Огляделся снова. Получается, я повис в центре шара. Оболочка шара – лица. Сотни, тысячи, миллионы лиц. Оболочка толстая, границ не видно. Знаю, здесь все люди, жившие на Земле. Собрались из-за меня. Сейчас начнётся, чует моё сердце… Не привык пока, что сердца нету. Одна чуйка осталась. Тревожно, не по себе…

Прямо передо мной появился экран, огромный, как в кинотеатре. На экране – то, что увидели мои глаза, когда я только родился. Всё ясно и остро, до мельчайших деталей: режущий свет ламп, звуки, запахи, неприятное дуновение прохладного воздуха. Внутри мамки лучше было – тихо, темно, тепло. Ору, как резаный. Закутали, чую близость мамкиной груди, жадно впиваюсь в сосок…

Я иду по своей жизни снова, крадучись, осторожными шагами. Если тогда, там многое не замечал, что-то пролетало мимо, не оставив следа… Теперь вижу всё, вижу медленный фильм такого высокого разрешения – ни одна микроскопическая пылинка не остаётся без внимания, ни одна мысль, мелькнувшая в голове, ни одно движение души не пролетает незамеченным.
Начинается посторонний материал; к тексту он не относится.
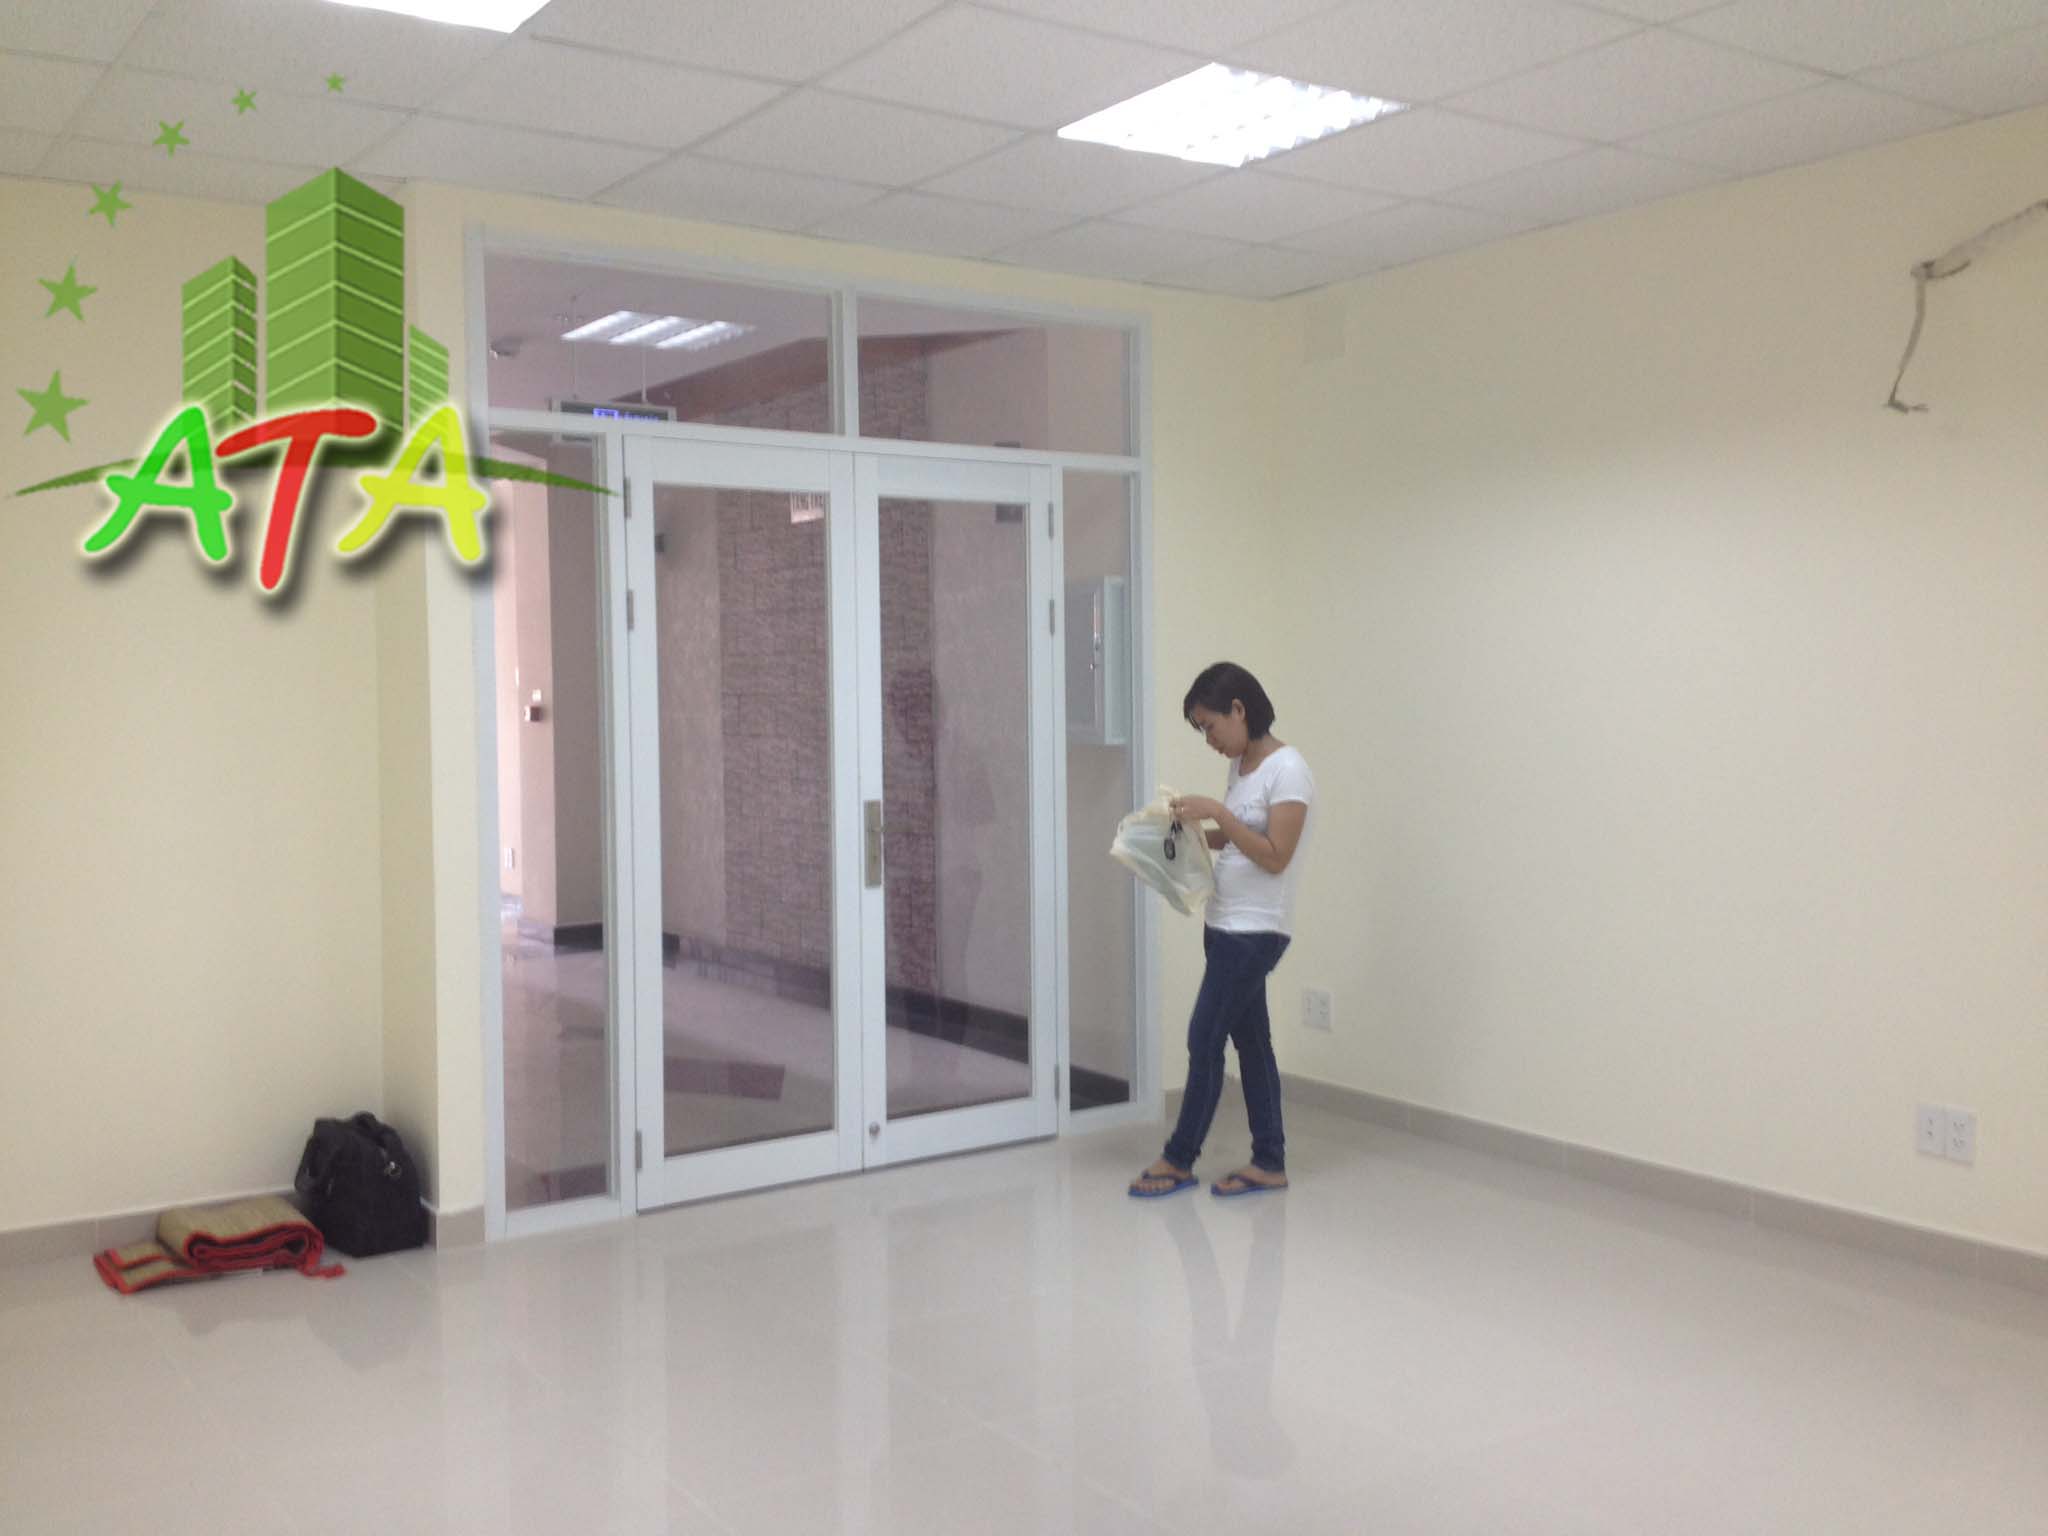 văn phòng cho thuê quận Tân Bình, HH Building đường Hồng Hà quận Tân Bình, ngay sân bay Tân Sơn Nhất, office for lease in Tan Son Nhat airport

Я иду, шаг за шагом, испытываю мощные, яркие чувства, словно ко мне подключили усилитель на миллионы мегаватт. Малая радость от вида первого распустившегося одуванчика превращается в безмерный восторг. Ехал на велике и случайно раздавил ужа, и малое огорчение оборачивается великим горем, скорбью, бесконечно долгим тягучим стыдом.

Ослепительный клинок впивается в сознание: понял, что происходит. На экран смотрят все – все лица, которые меня окружают. И даже те, которые скрыты, которых не видно. И все они чувствуют то, что я чувствовал в своей жизни. Когда мне было плохо, все они сопереживают. Когда испытывал радость, все ликуют вместе со мной. Когда вижу моменты, за которые стыдно, испытываю стыд такой силы – хочется провалиться, исчезнуть, остановить всё… В этот момент лица уже не смотрят на экран – они смотрят на меня, и в глазах такой немой укор, который нельзя вынести. Пытаюсь закрыть глаза, отвернуться, и все лица терпеливо ждут, когда я переживу свой стыд и стану смотреть дальше. Спрятаться некуда, промотать плёнку или пропустить кадр невозможно.

В невыносимо бесконечный миг стыда вижу: лица разделились. Часть их переживает стыд вместе со мной. Другая часть укоряет и осуждает. Осенило вдруг: те, кому стыдно со мной и за меня – это и есть мои родные. Стыдится свой, укоряет чужой. Прямо передо мной стоят самые близкие, любимые, за ними многие, кого никогда не знал, но понимаю, что все они – мой род. И стало очень, очень больно. Дошло – виноват я, подвёл мой род, заставил стыдиться моих низких помыслов, грязных чувств, мерзких поступков. Я ощутил меру вины перед ними.

И тогда понял я, куда попал. Это мой высший суд. И я держу ответ за каждый миг моей жизни перед всеми людьми, жившими когда-то на Земле.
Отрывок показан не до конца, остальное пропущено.